*** Opening Data shown ***

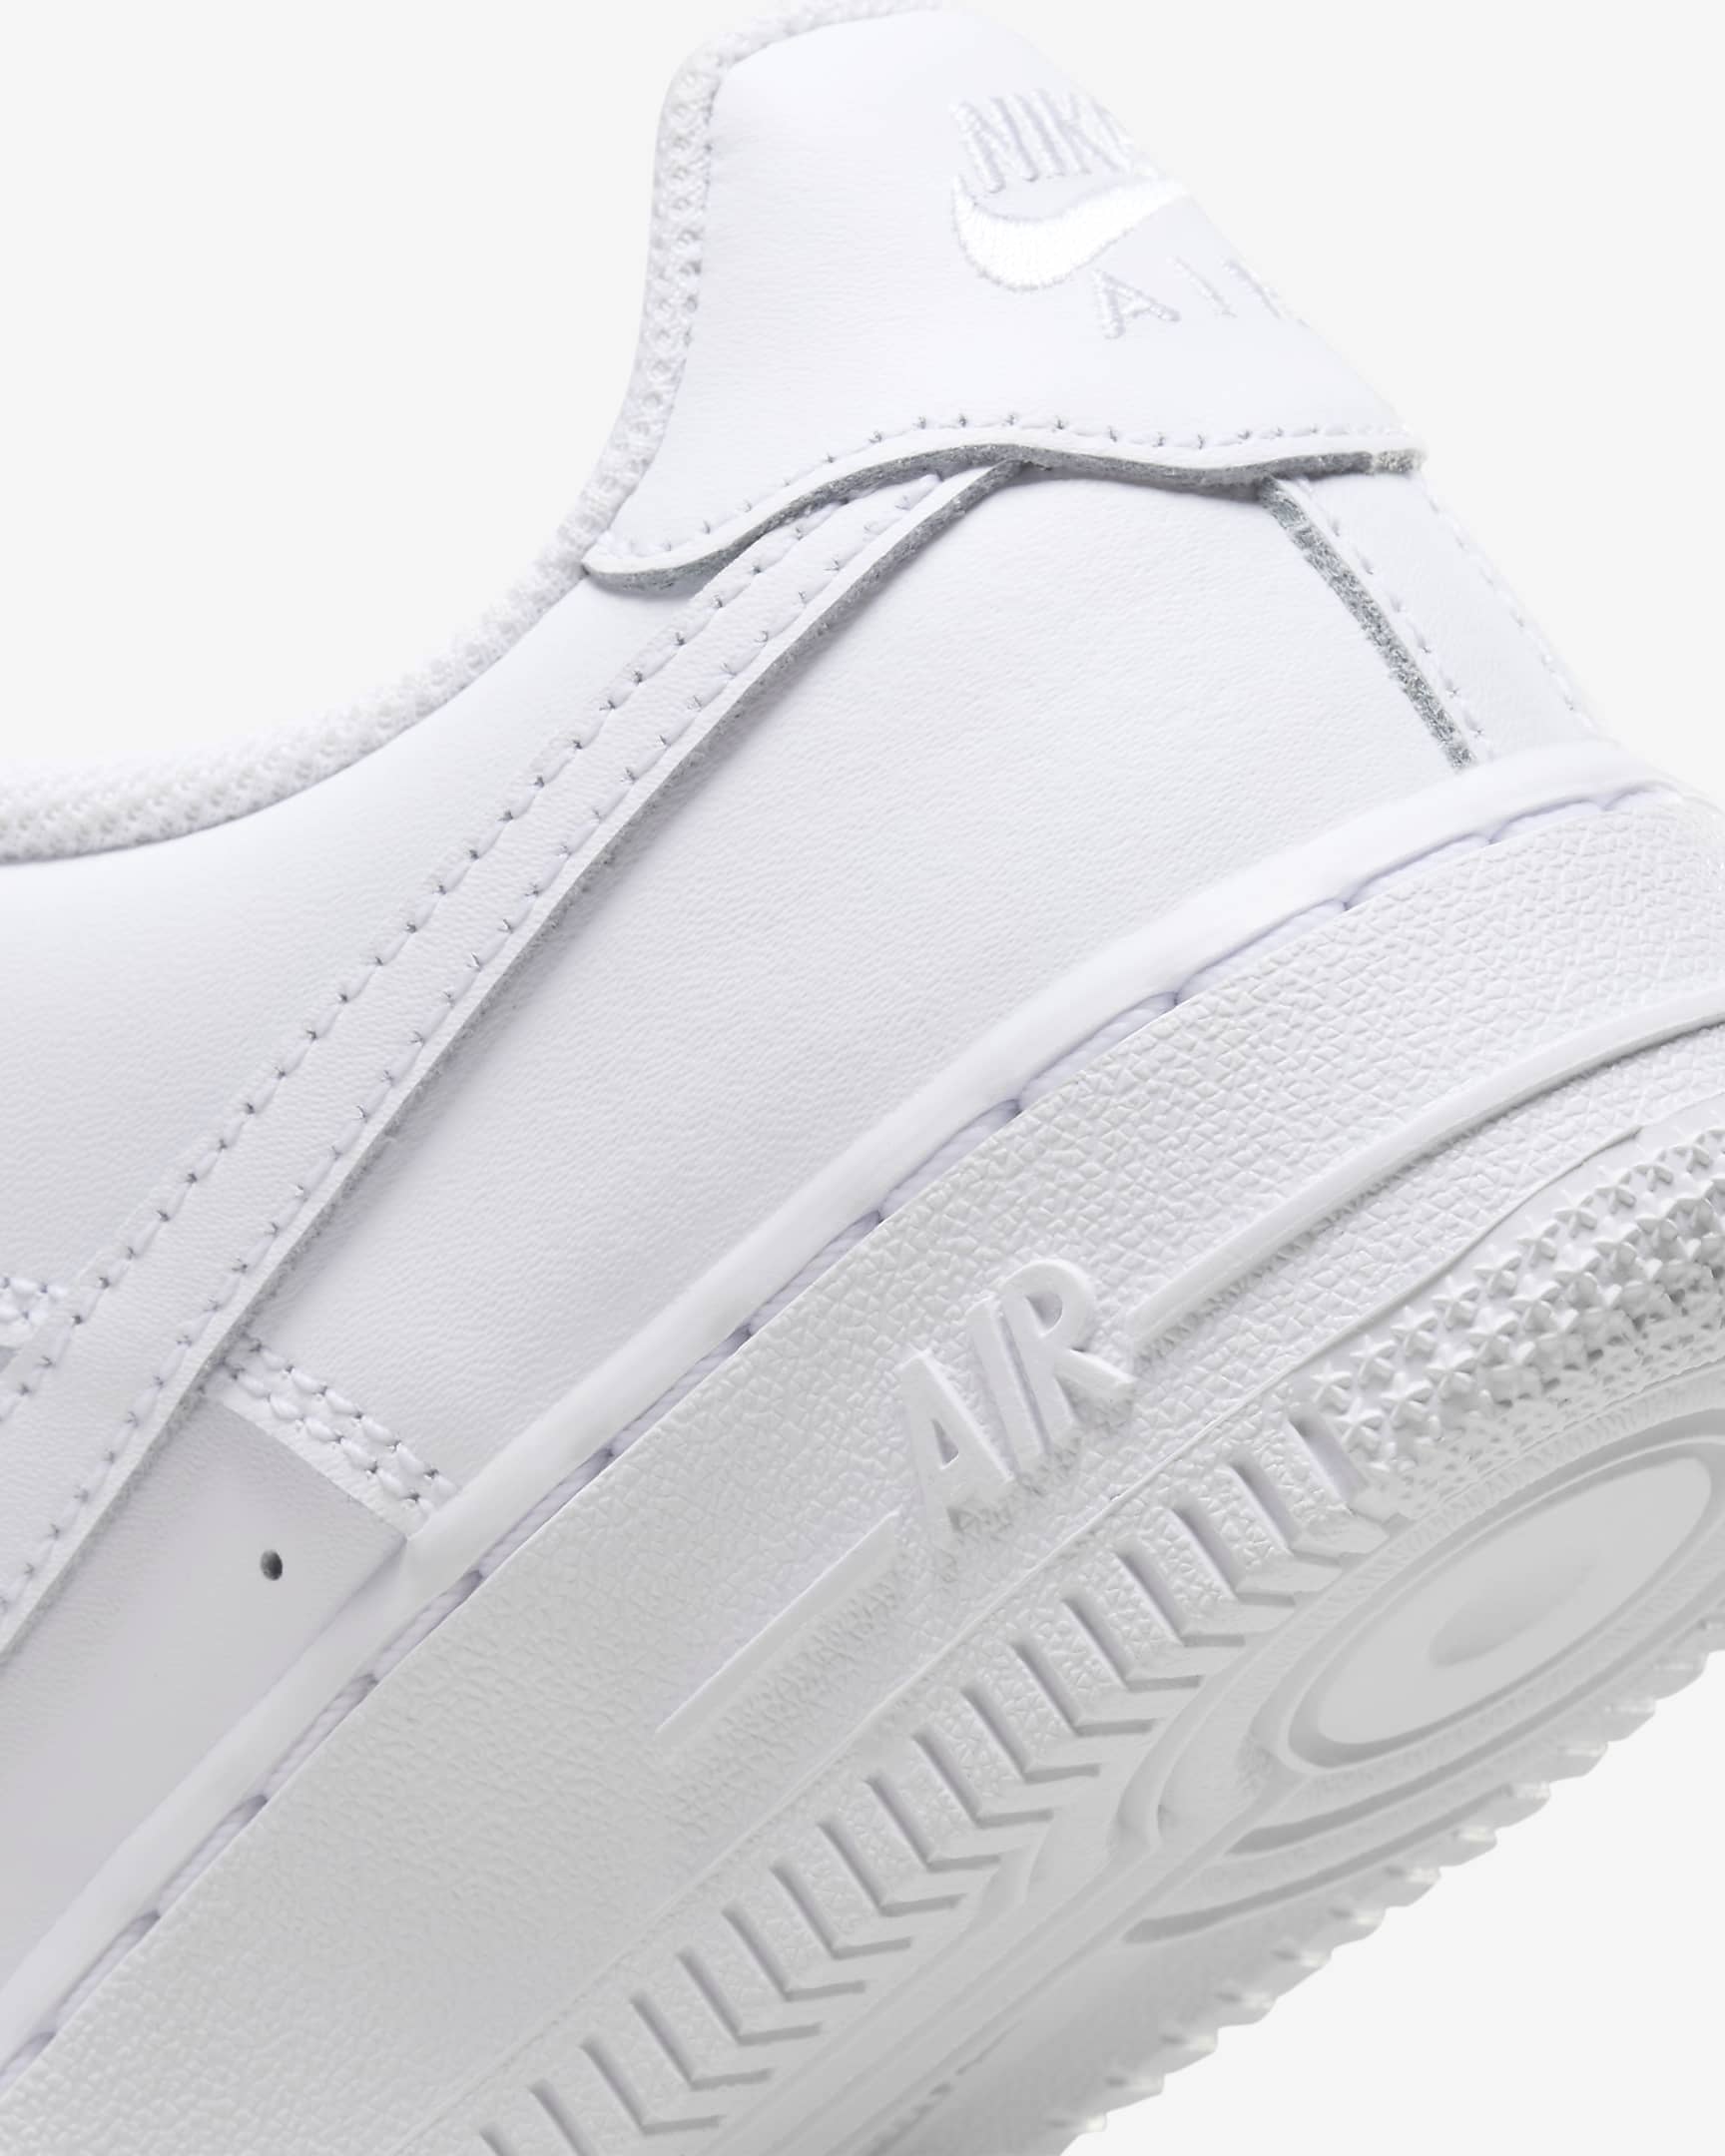 Nike Air Force 1 LE-sko til større børn - hvid/hvid/hvid/hvid
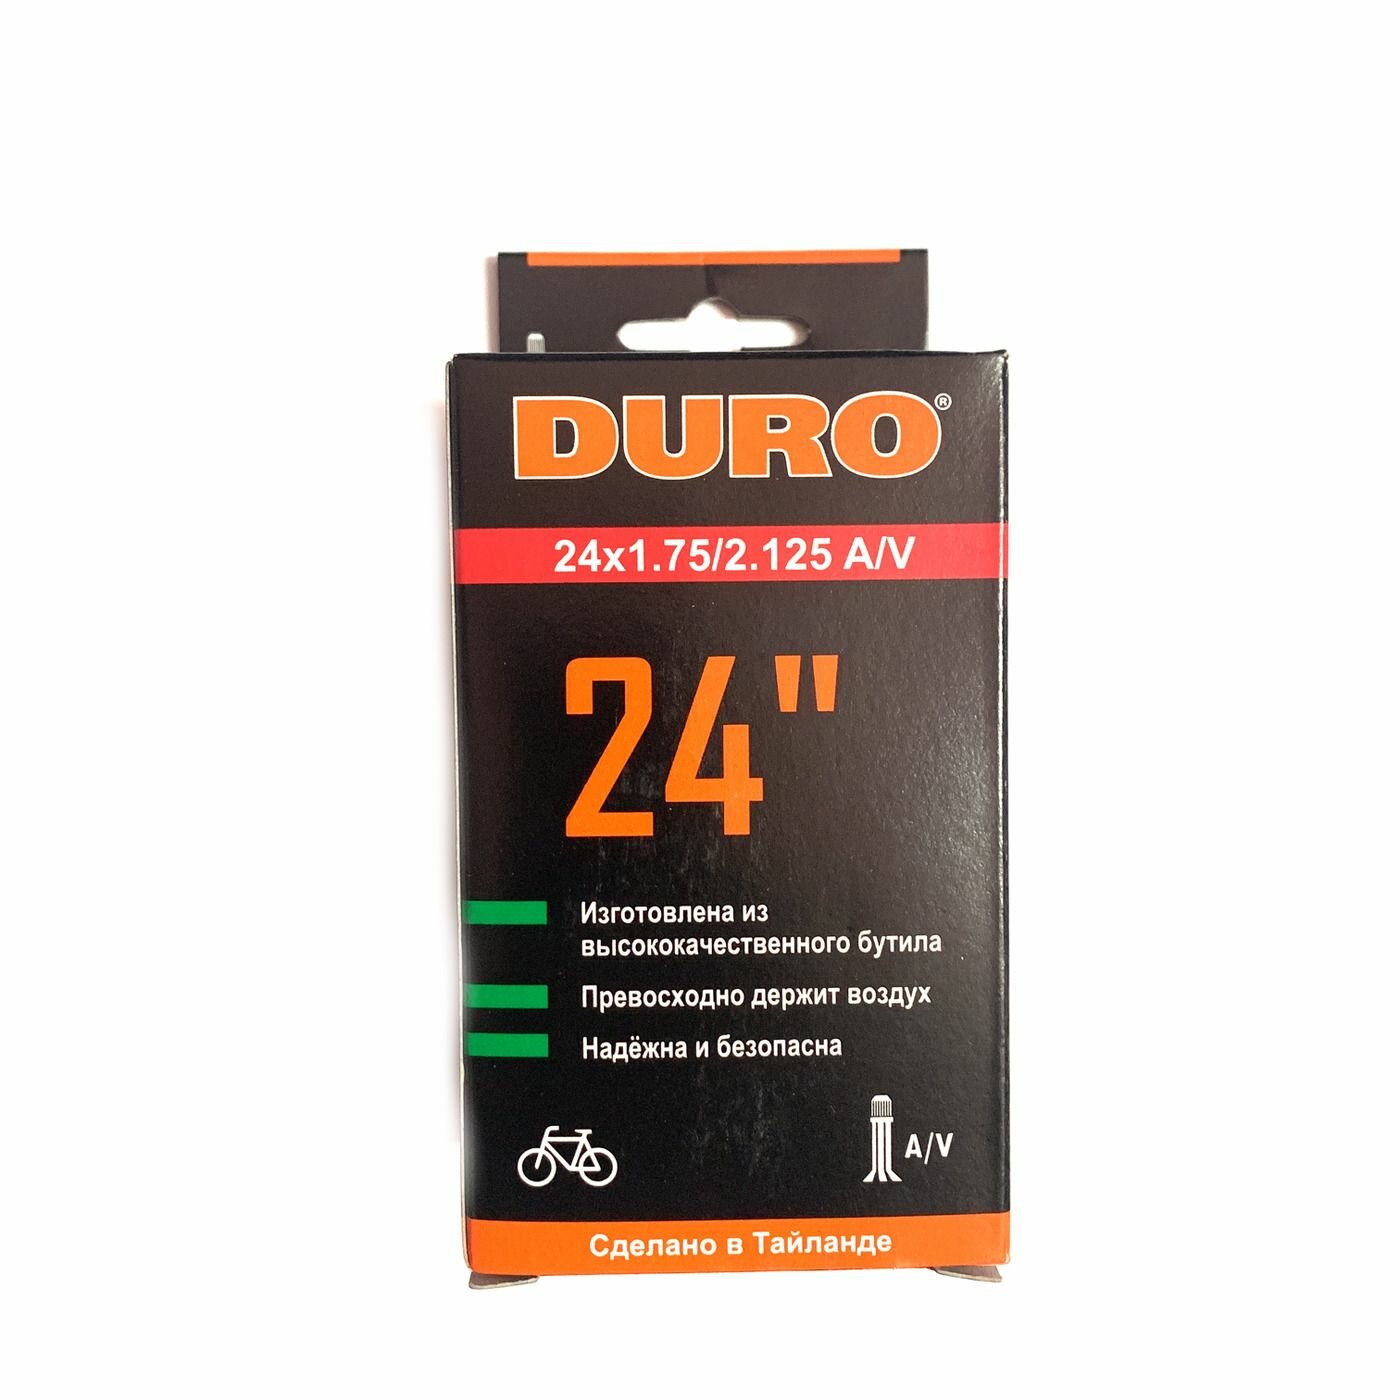 Велокамера DURO 24" (В коробке) 24х2.125 A/V
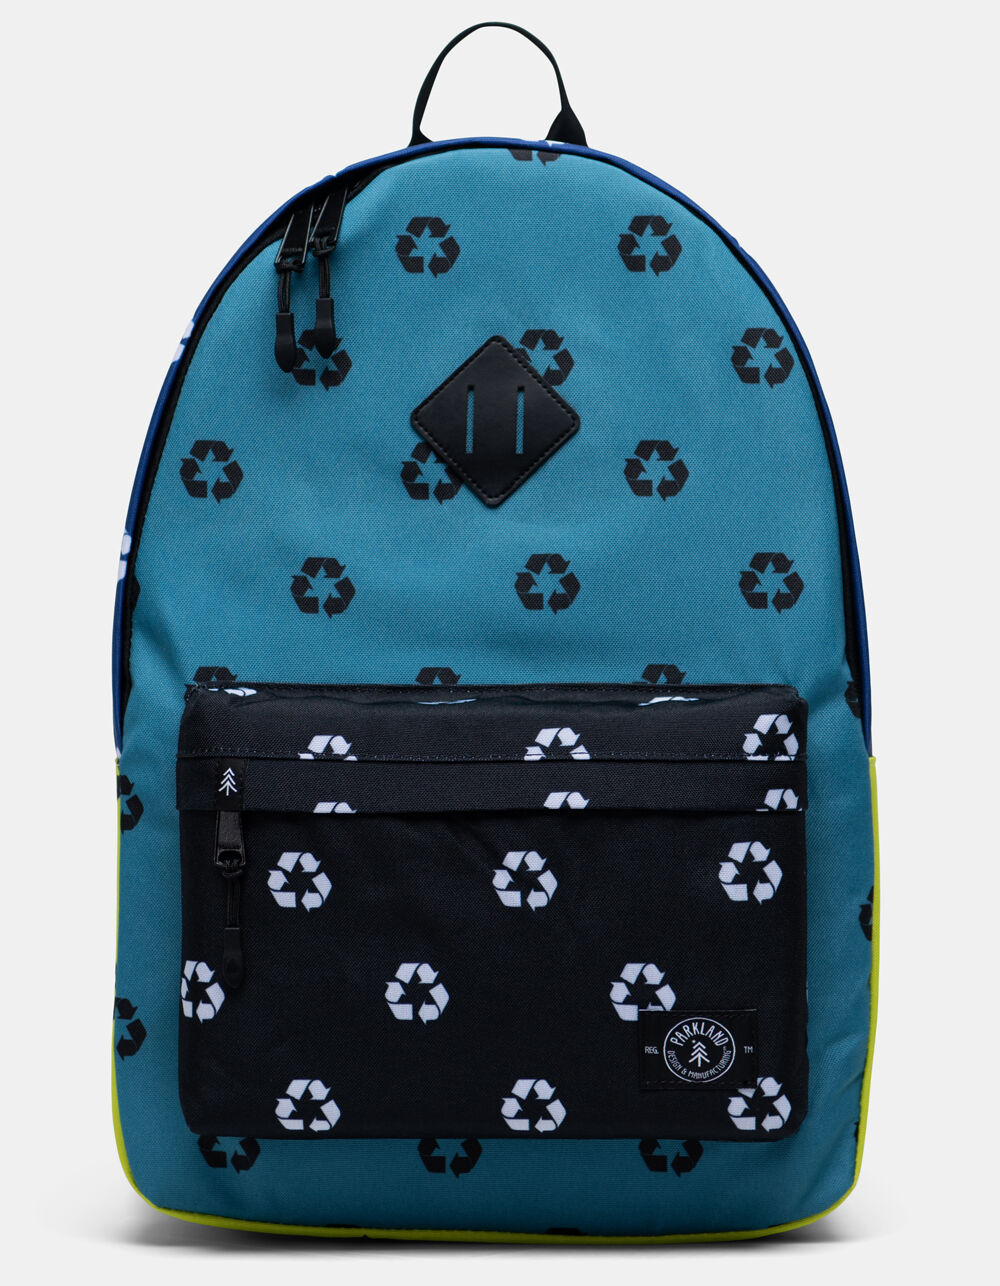 kingston backpack
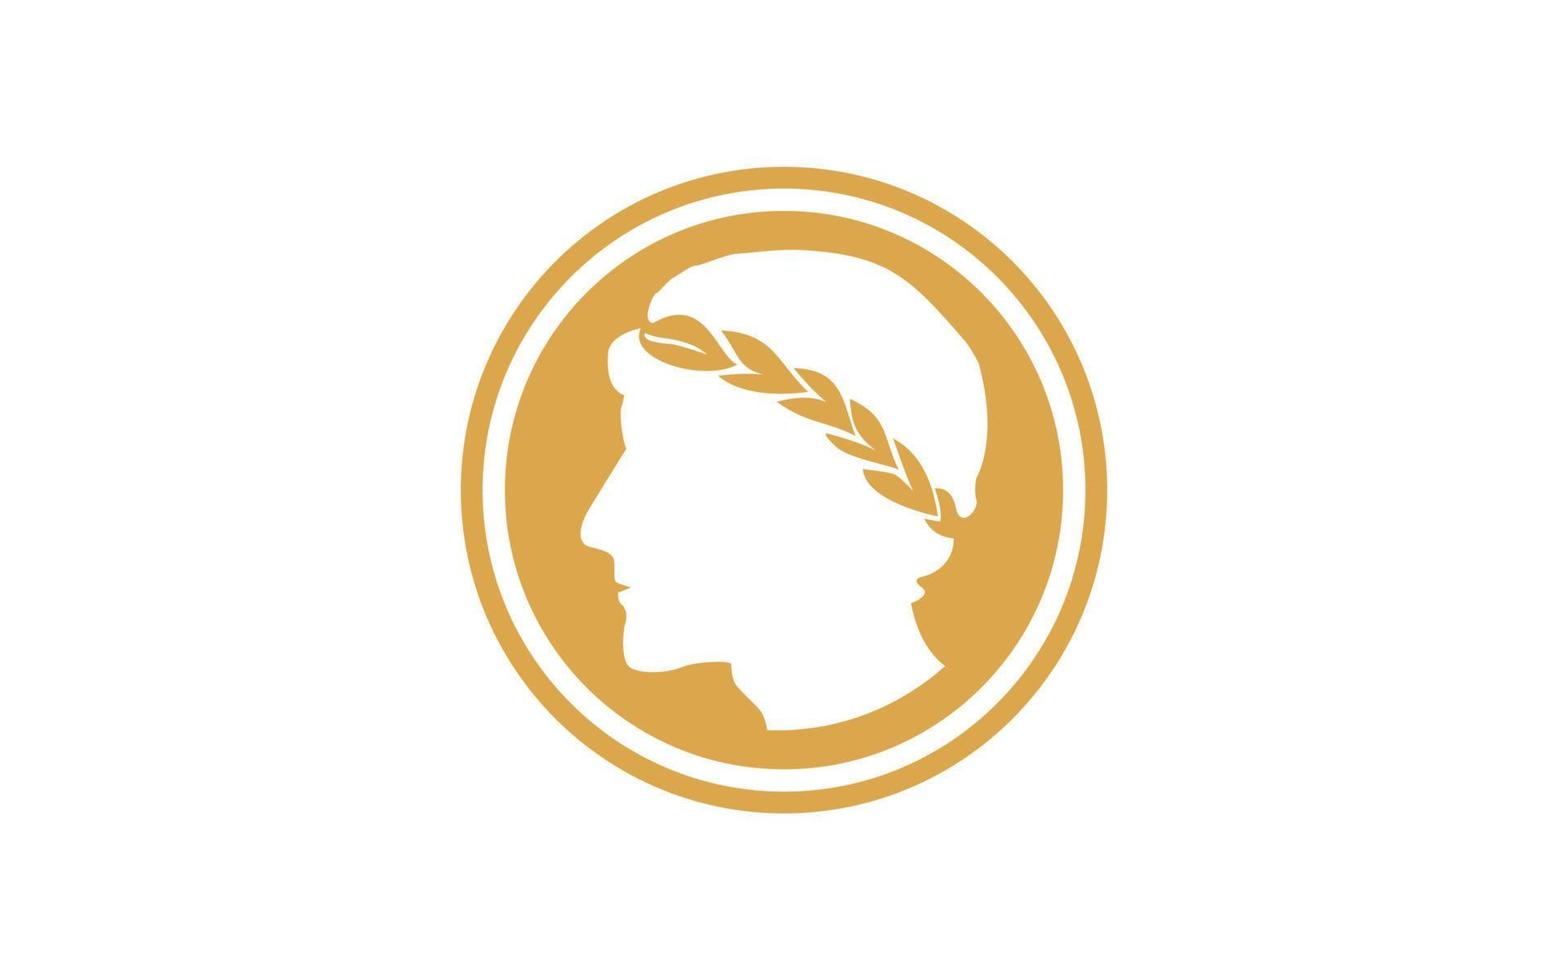 pièce de monnaie grecque antique avec logo de couronne de laurier vecteur

*** Closing Data shown ***

→ **What you have to do**
A verbatim copy of the data, free of pictures, is the expected answer.

→ **Result for this task**
 Nike Air Force 1 LE-sko til større børn - hvid/hvid/hvid/hvid
 Велокамера DURO 24" (В коробке) 24х2.125 A/V
 kingston backpack
 pièce de monnaie grecque antique avec logo de couronne de laurier vecteur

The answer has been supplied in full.